Both Morrison’s New Crossings and Moreno’s Crossing Waters explore migratory waves from the Caribbean to other territories. On the one hand, Morrison amplifies the public agency that most of these migrant authors exert––a legacy related to the négritude movement in the 1930s. Echoing their Afro-Caribbean intellectual predecessors, she reveals the particularities and unexplored aspects of Caribbeanness in public writing by the authors she examines. On the other hand, Moreno uses artwork and literature to emphasize that some of these movements have been invisibilized and treated as problematic because undocumented migrants undermine the imposed global North’s gaze over the Caribbean region, by contesting the thought of the Caribbean as people ready to fulfill any leisure, a cleansed spatiality from socioeconomic issues. These two books collect and critique a corpus that expands our knowledge of Pan-Caribbean interrelations, and in turn, of the global relations formed through both South-North and South-South migrations. These stories and historiographies from Afro-Caribbean migrants constitute an indispensable political statement, since most scholarship on the Caribbean often ignores migrant communities. Both authors center migrant subjects as dignified beings by reflecting on their speech, whether authors or undocumented migrants. Read together, New Crossings and Crossing Waters offer a panorama of cultural inquiry about diasporic movements and their repercussions on intellectual history and the violations of human rights of migrants from and in the Caribbean territories. Scholars from the social sciences and the humanities interested in the intersectionality of race, intellectual history, and language in the Caribbean region and its diasporas could benefit from the perspectives that these two books propose. In addition to cultural studies with a focus on ethnicity, scholars dedicated to human rights and border studies will also find these contributions to be helpful and appealing.
Oriana Mejías Martínez is a college instructor and doctoral candidate at City University of New York Graduate Center.

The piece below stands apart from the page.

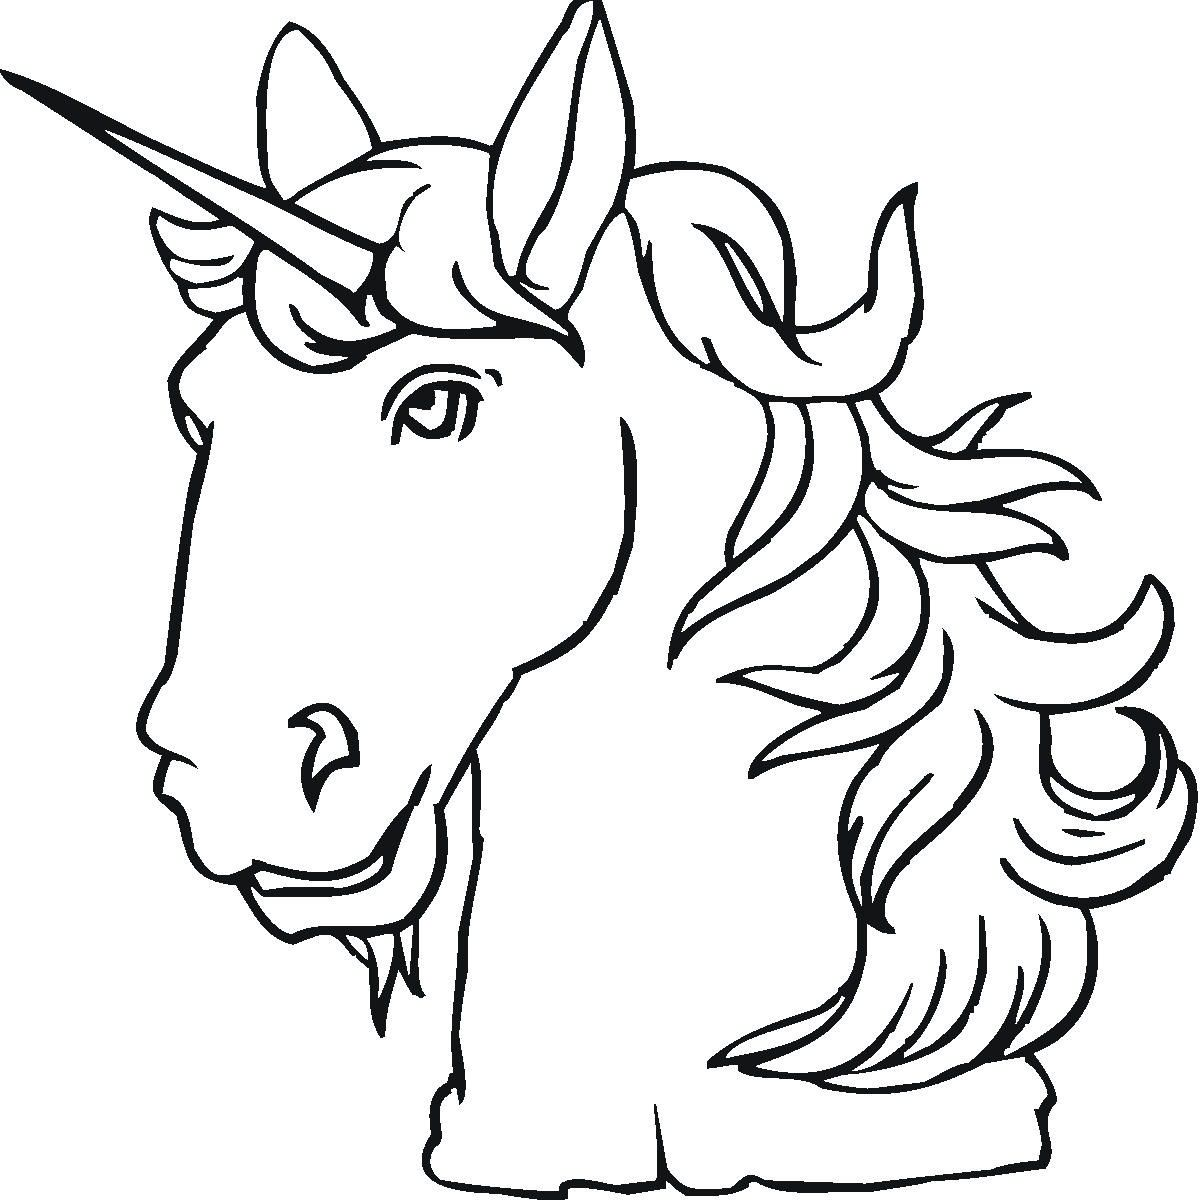 Unicorn Color Pages For Children Unicorn Coloring Pages Cartoon Coloring Pages Animal Coloring Pages

Her interests revolve around Latin American and Caribbean visual cultures and literature, specifically the history of popular revolt and social movements, as well as the Afro-Latin American diaspora experience in the global South.

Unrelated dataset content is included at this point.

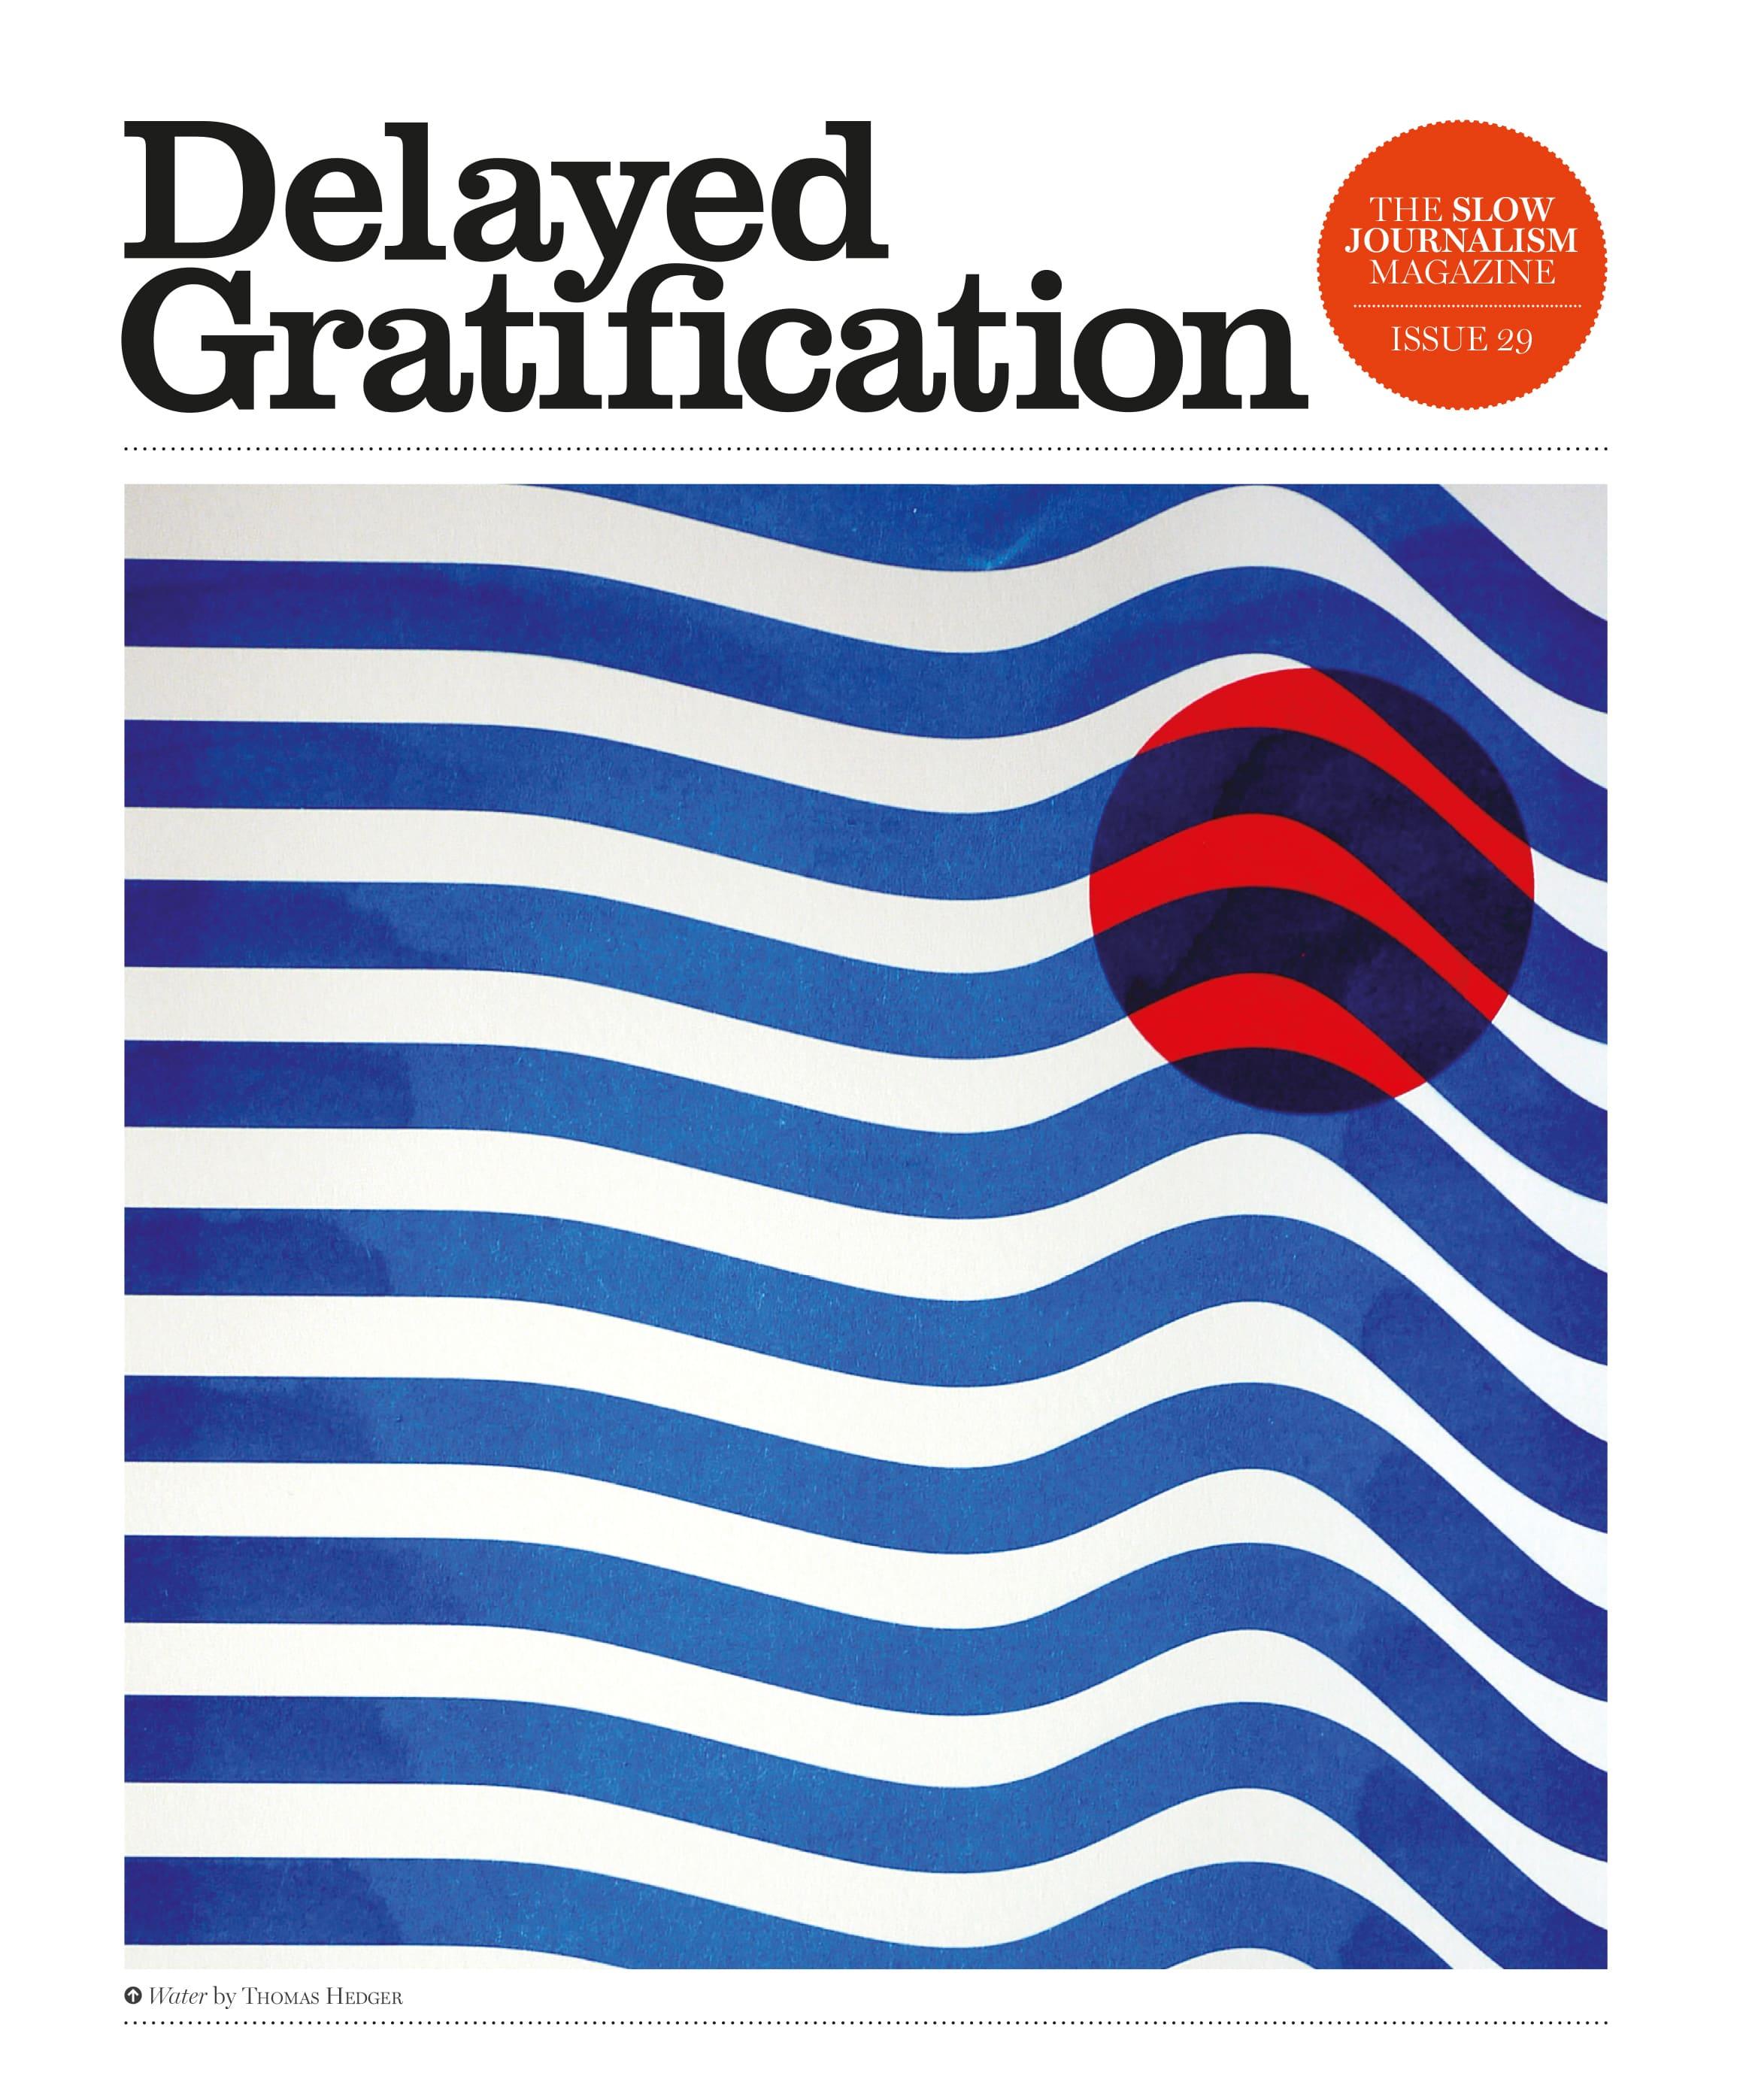 DG29 Cover

[1] See David Newman, “The Lines That Continue to Separate Us: Borders in Our ‘Borderless’ World,” Progress in Human Geography 30, no. 2 (2006): 143–61, in which Newman explains how the border is the institutionalization of difference and how “the process between inclusion/exclusion are determined” in that place (148); and Lorgia García-Peña, The Borders of Dominicanidad: Race, Nation, and Archives of Contradiction (Durham: Duke University Press, 2016), where García-Peña describes the process of bordering as “a continuum of actions that affect human beings,” implying “an actor (who enacts the bordering) and a recipient (they who are bordered)” (6).